**Dataset content:**
== == ==

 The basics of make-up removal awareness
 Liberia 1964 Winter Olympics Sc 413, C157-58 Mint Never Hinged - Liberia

== == ==

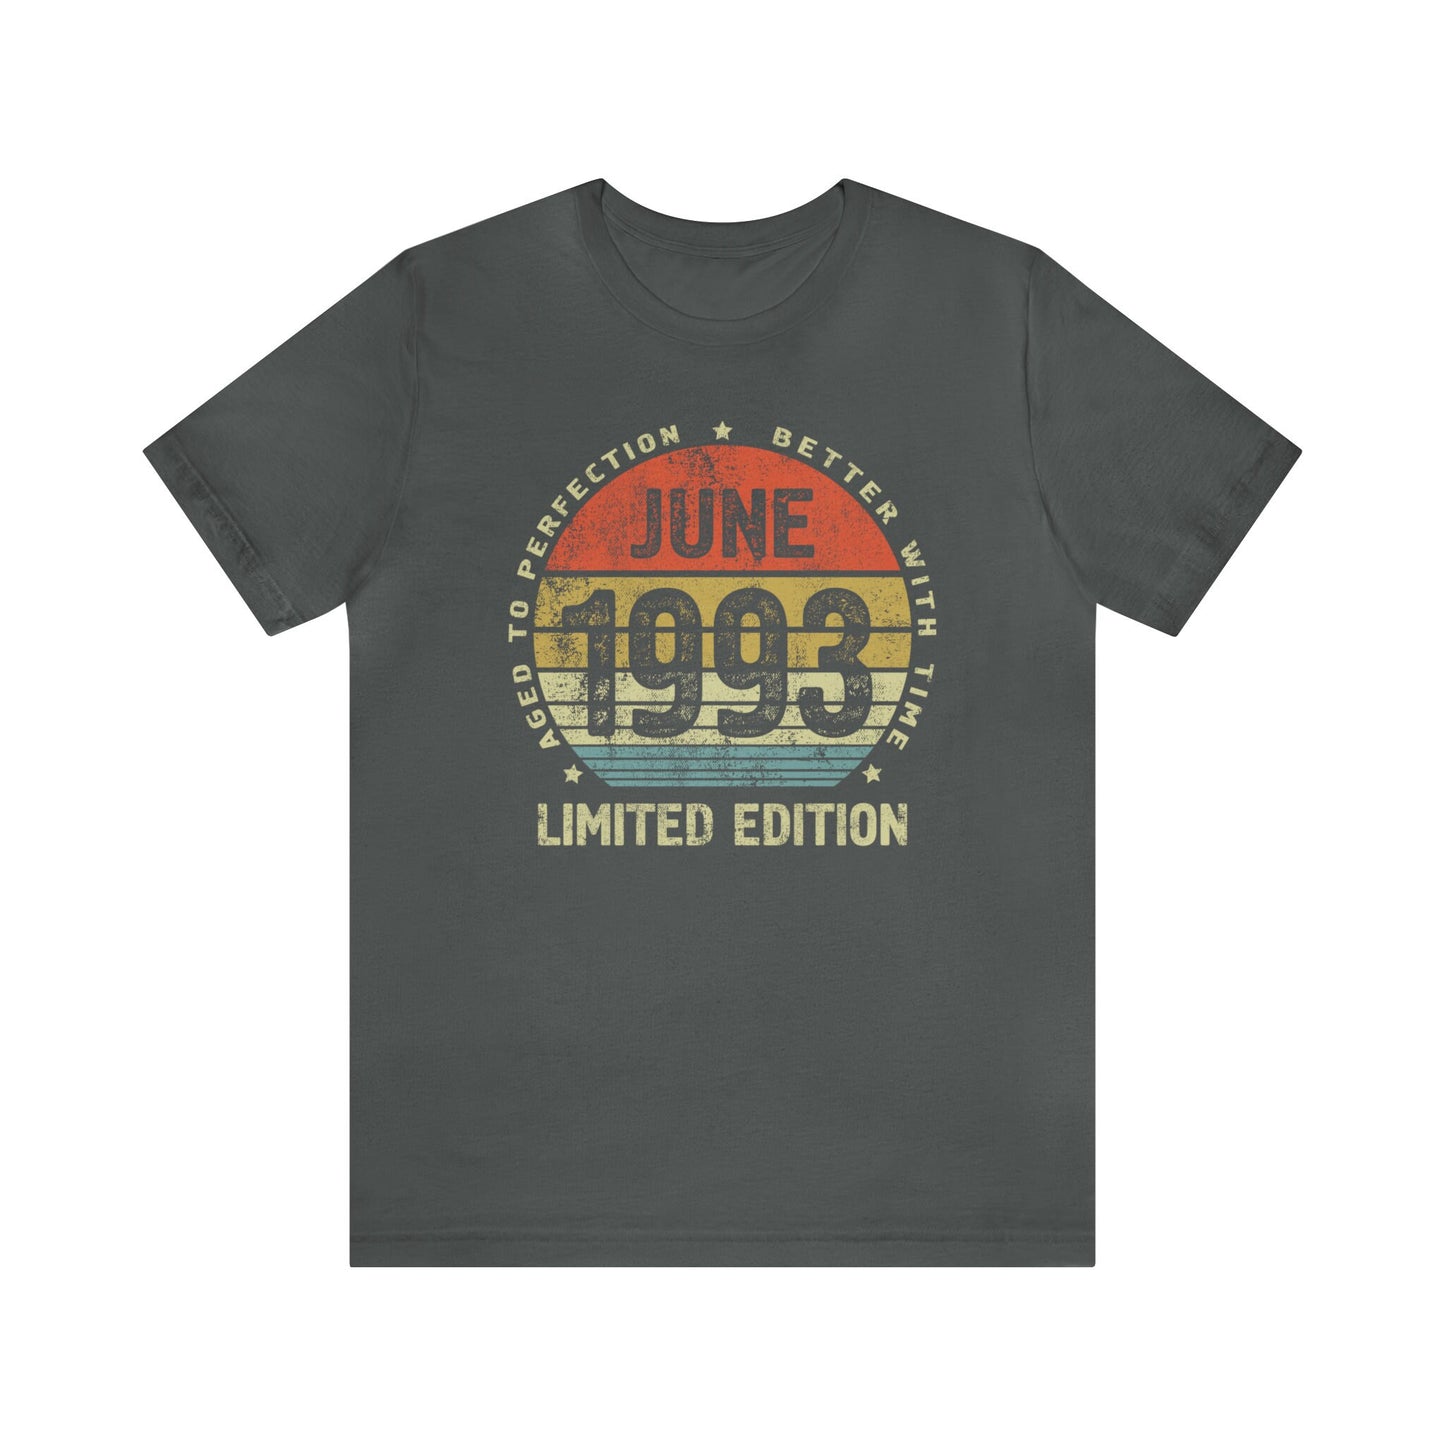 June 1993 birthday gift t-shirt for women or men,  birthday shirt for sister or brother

== == ==

**What is required:** All lines in the data above from the one with "The basics of make-up removal awareness" through the one with "Liberia 1964 Winter" must be repeated exactly, and no others.

**Answer box:**
 The basics of make-up removal awareness
 Liberia 1964 Winter Olympics Sc 413, C157-58 Mint Never Hinged - Liberia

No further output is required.